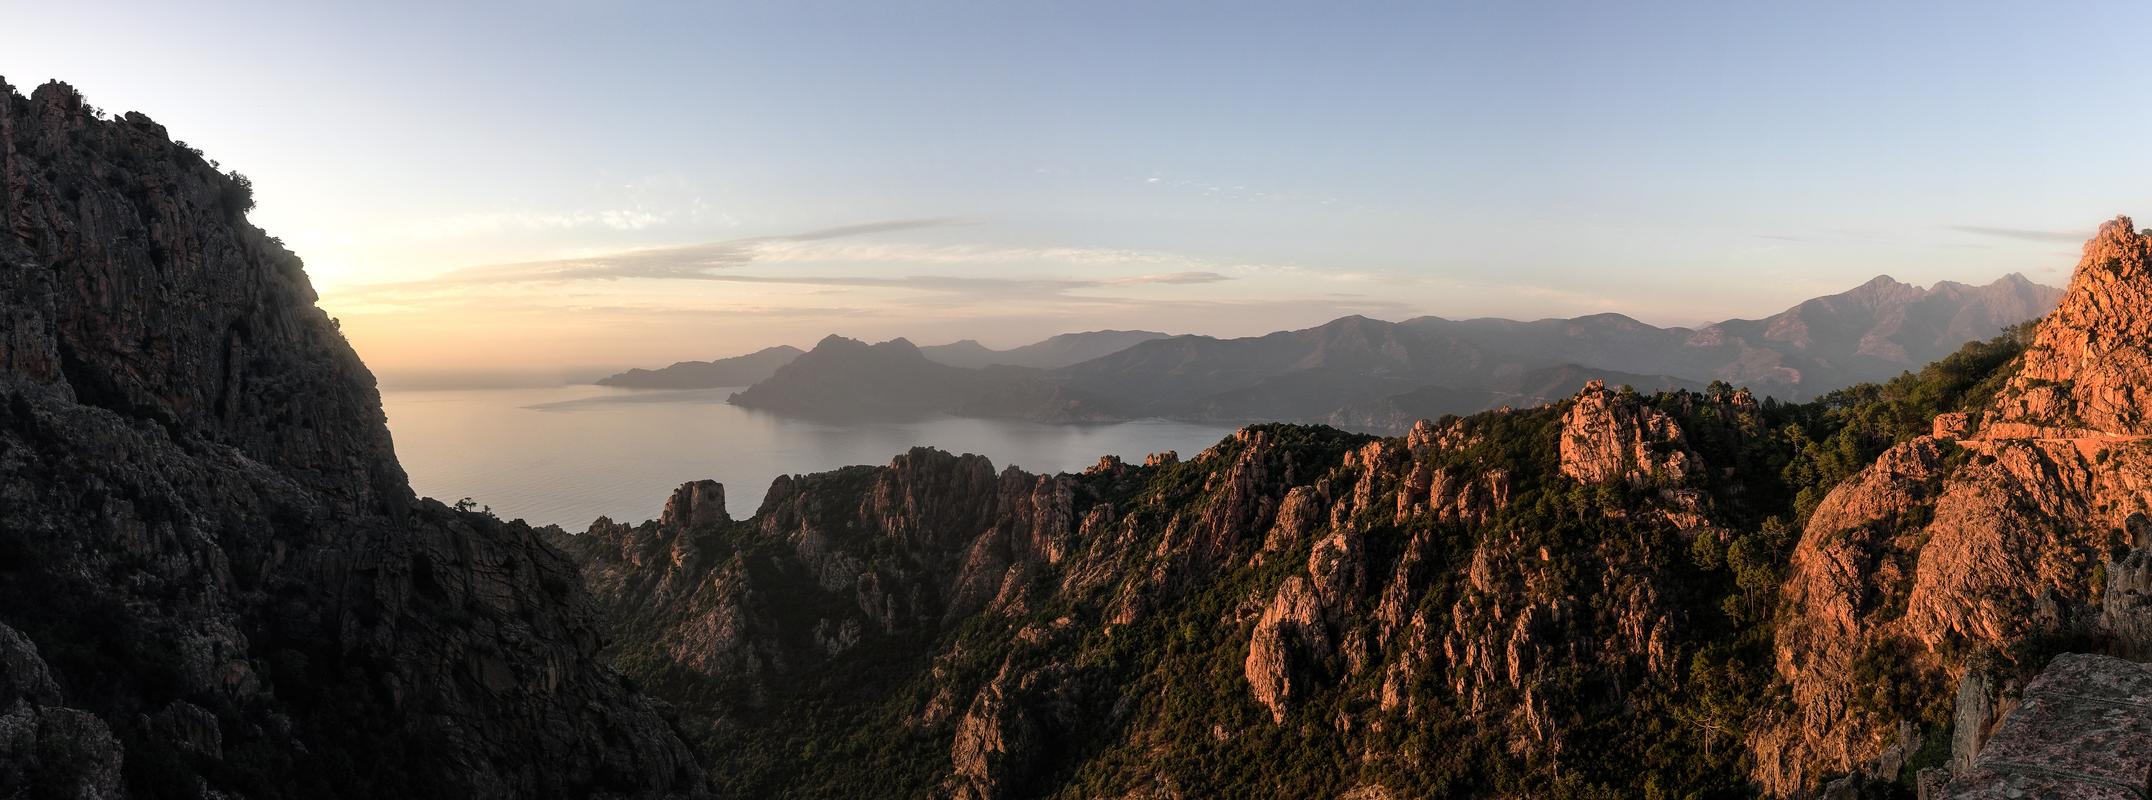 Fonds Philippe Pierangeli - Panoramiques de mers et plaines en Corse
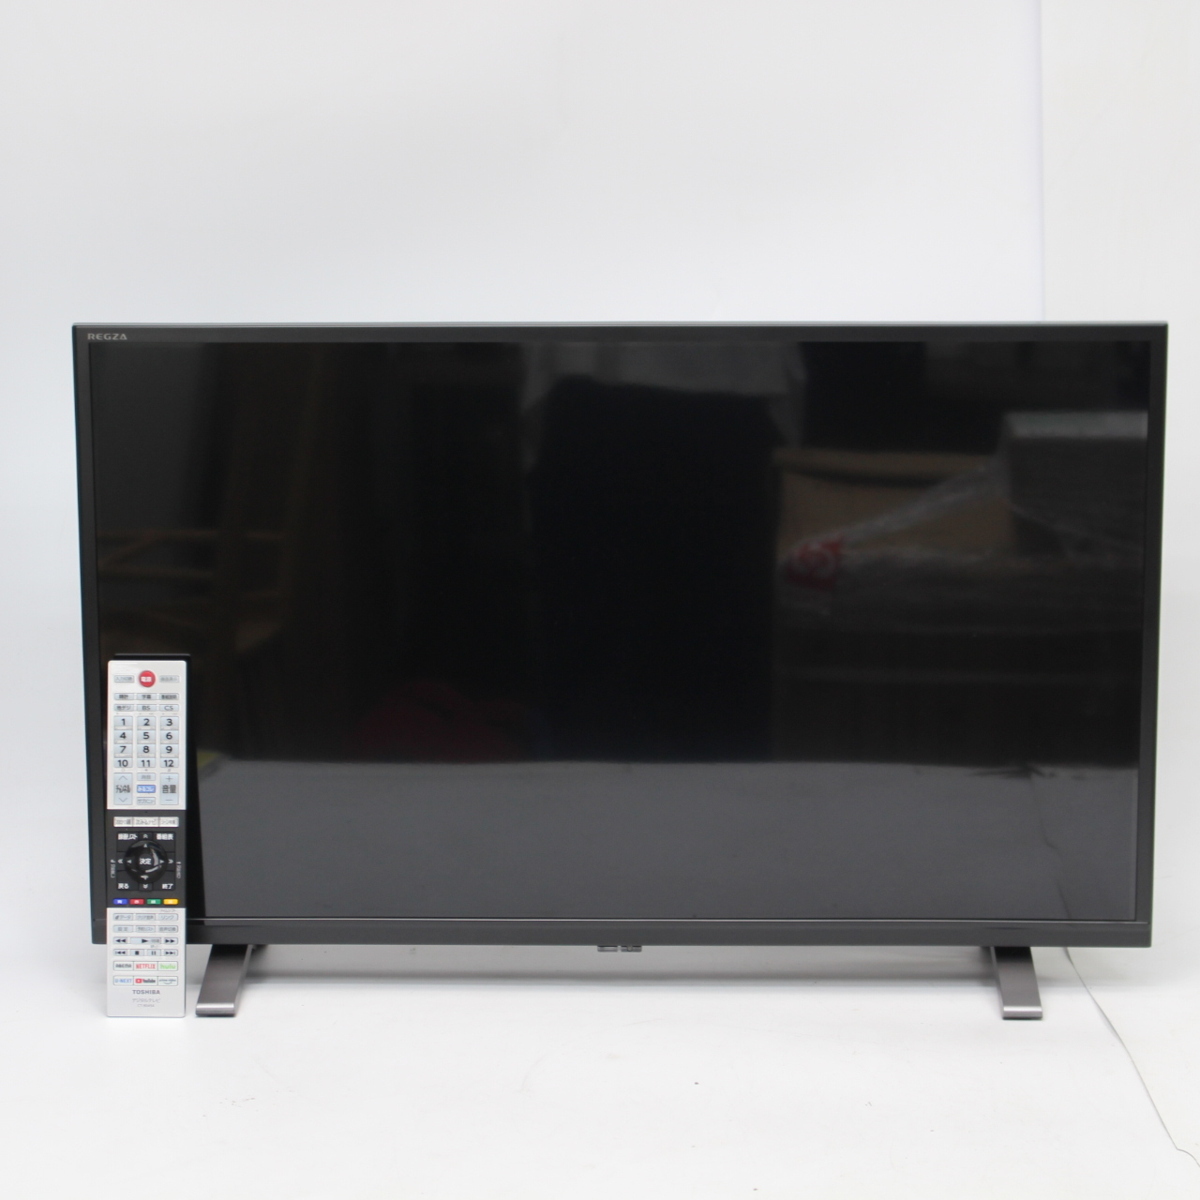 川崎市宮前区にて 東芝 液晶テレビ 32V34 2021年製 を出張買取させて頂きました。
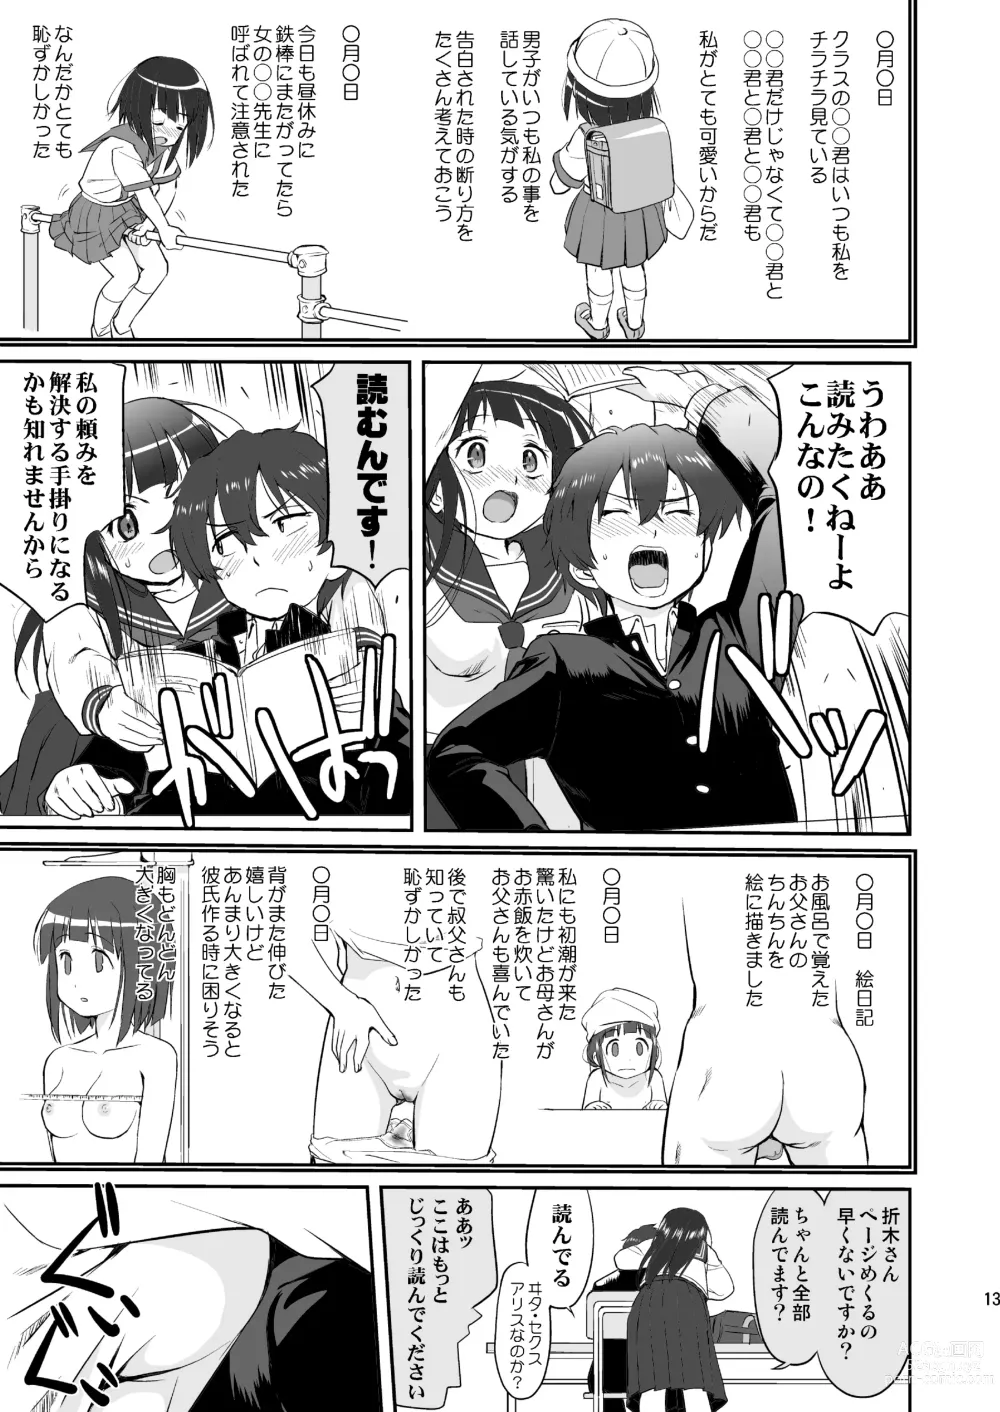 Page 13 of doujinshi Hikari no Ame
* * *
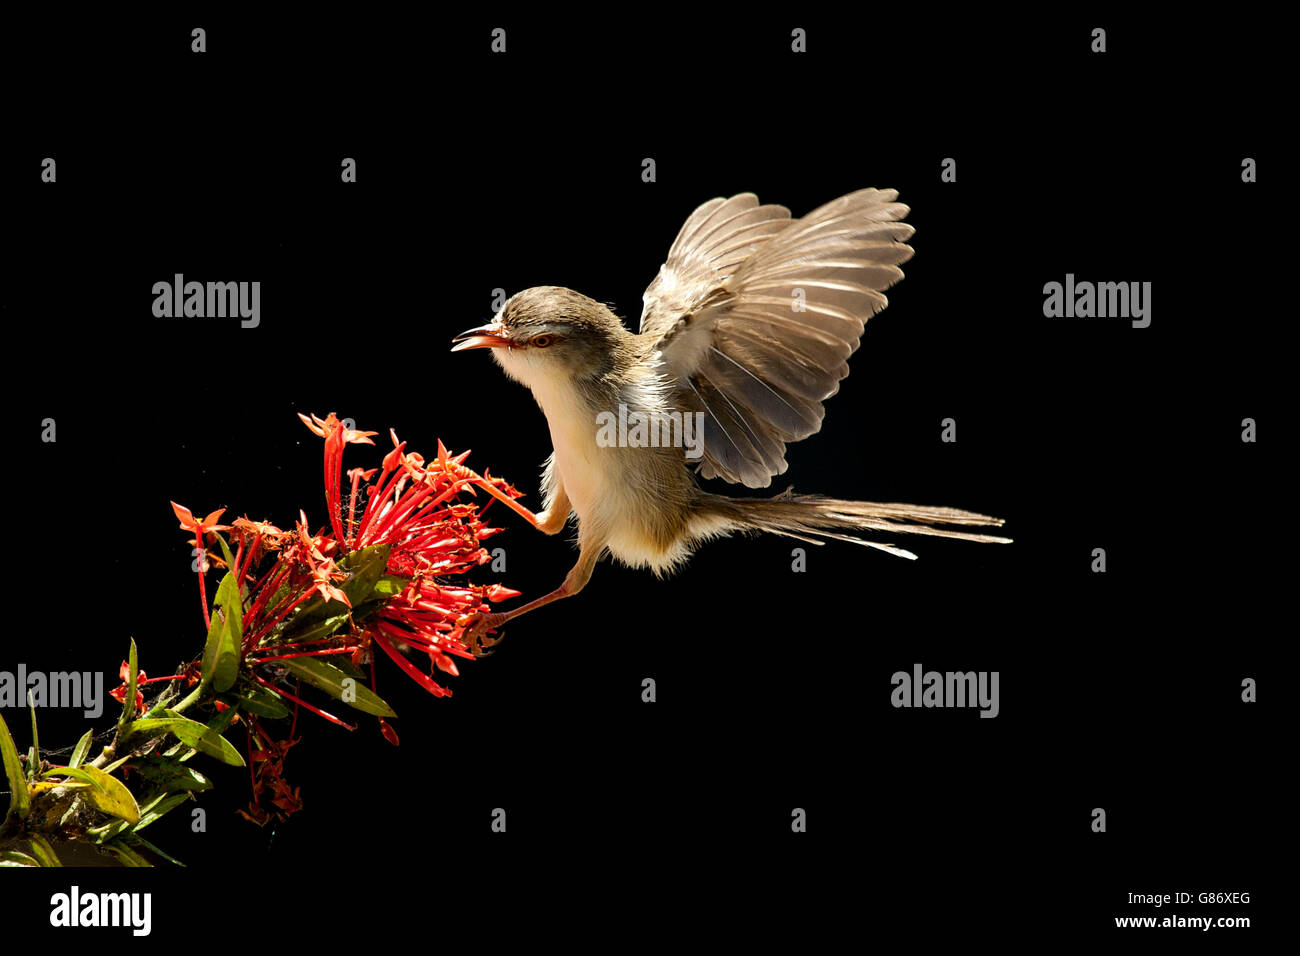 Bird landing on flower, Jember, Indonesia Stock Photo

PROBLEM >> The answer is those lines of the material above that run from the one containing "Fonds Philippe Pierangeli" up to and including the one containing "Page 13 of doujinshi Hikari no Ame", restated exactly and without images.

REPLY >>
 Fonds Philippe Pierangeli - Panoramiques de mers et plaines en Corse
 川崎市宮前区にて 東芝 液晶テレビ 32V34 2021年製 を出張買取させて頂きました。
 Page 13 of doujinshi Hikari no Ame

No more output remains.